### SUPPLIED MATERIAL
==================================================

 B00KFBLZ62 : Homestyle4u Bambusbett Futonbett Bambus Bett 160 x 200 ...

==================================================

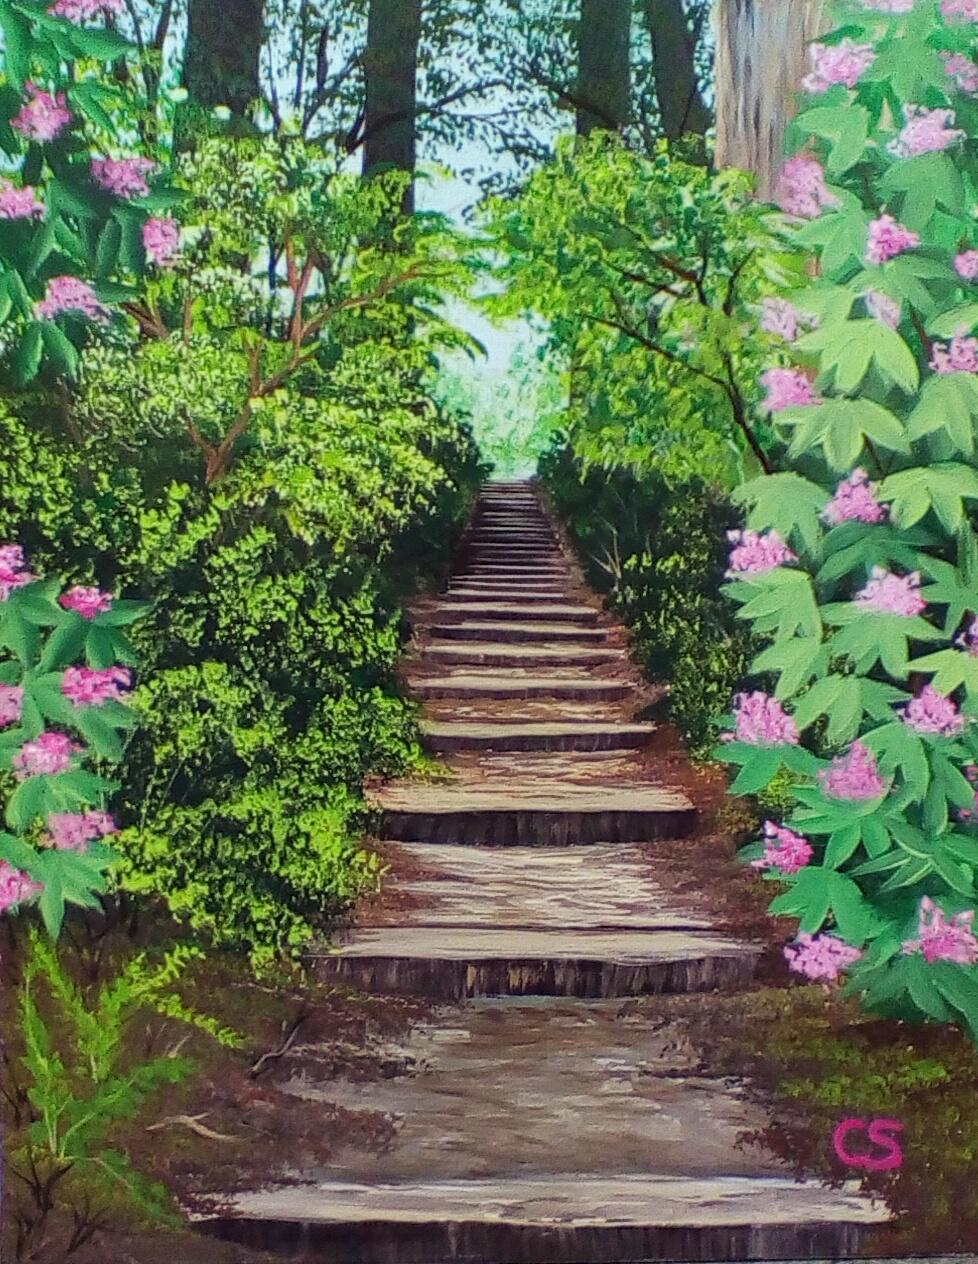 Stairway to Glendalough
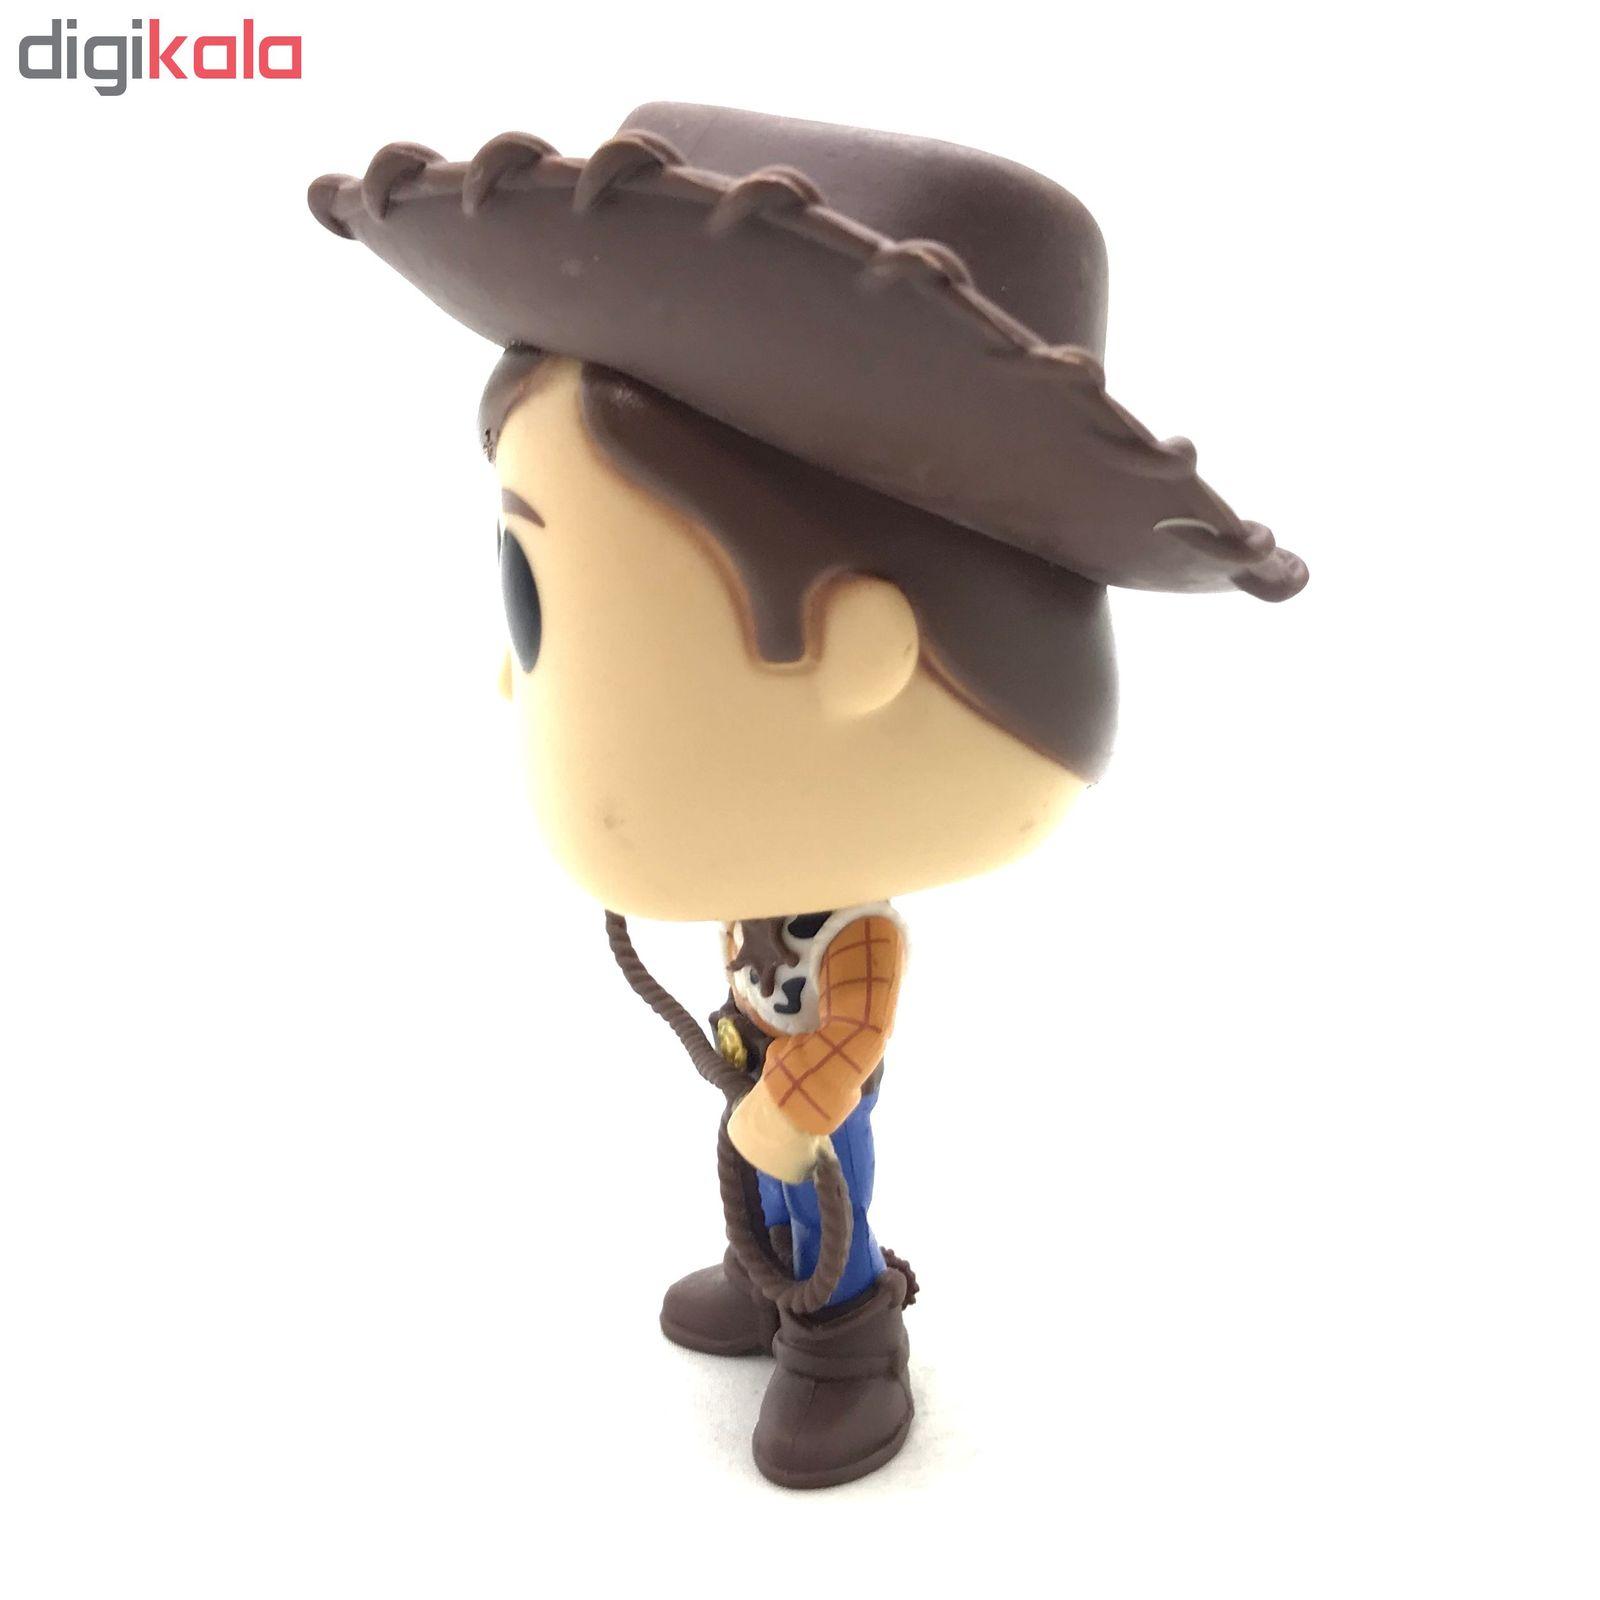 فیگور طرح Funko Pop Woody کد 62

==================================================

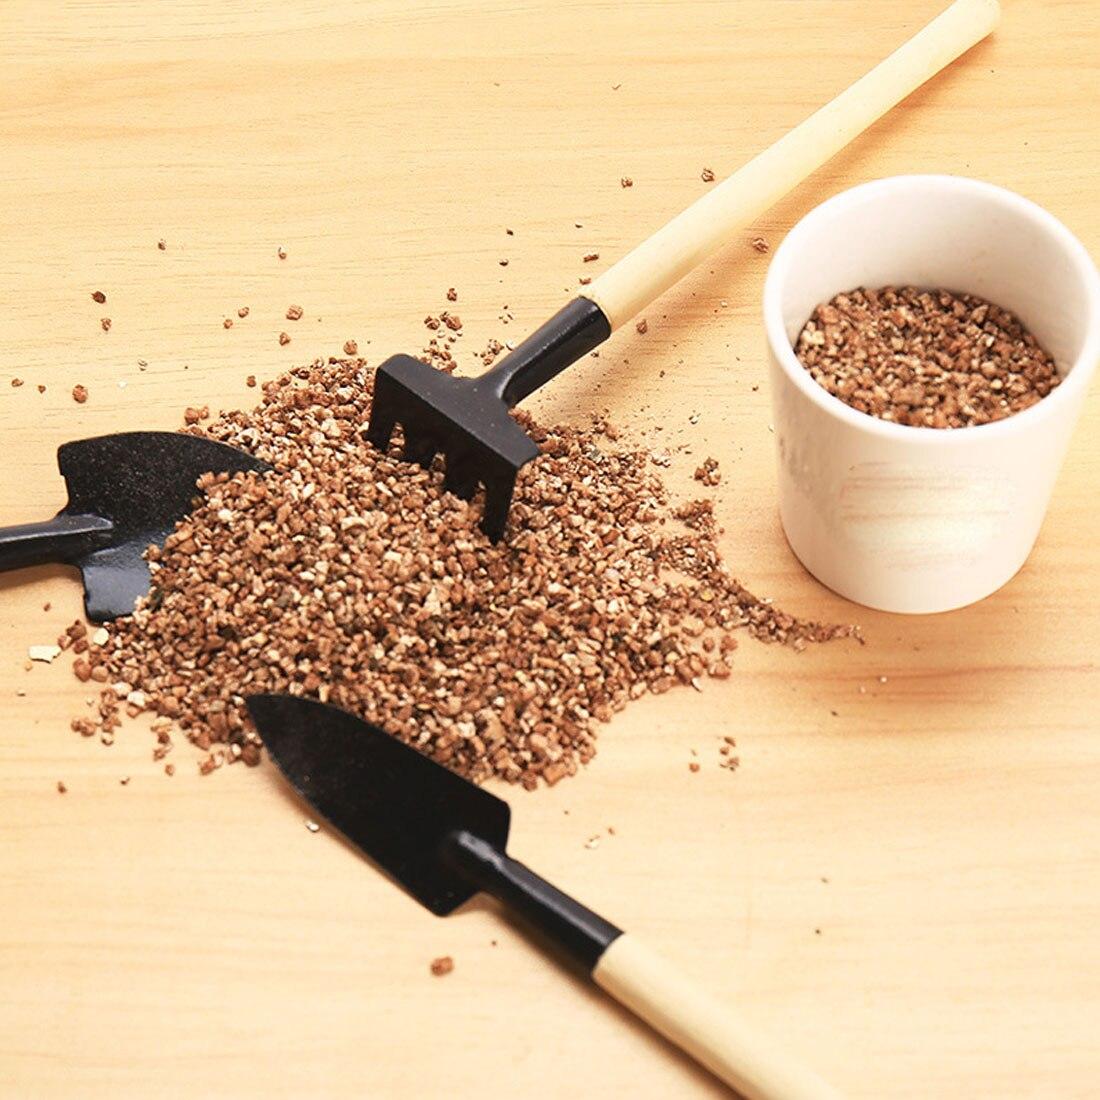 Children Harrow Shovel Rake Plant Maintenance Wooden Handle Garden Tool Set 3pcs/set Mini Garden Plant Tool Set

==================================================

### TASK TO COMPLETE
In the material above, one part opens with the line containing "Stairway to Glendalough" and closes with the line containing "فیگور طرح Funko Pop Woody کد 62". Write out that part exactly and skip its pictures.

### THE ANSWER
 Stairway to Glendalough
 فیگور طرح Funko Pop Woody کد 62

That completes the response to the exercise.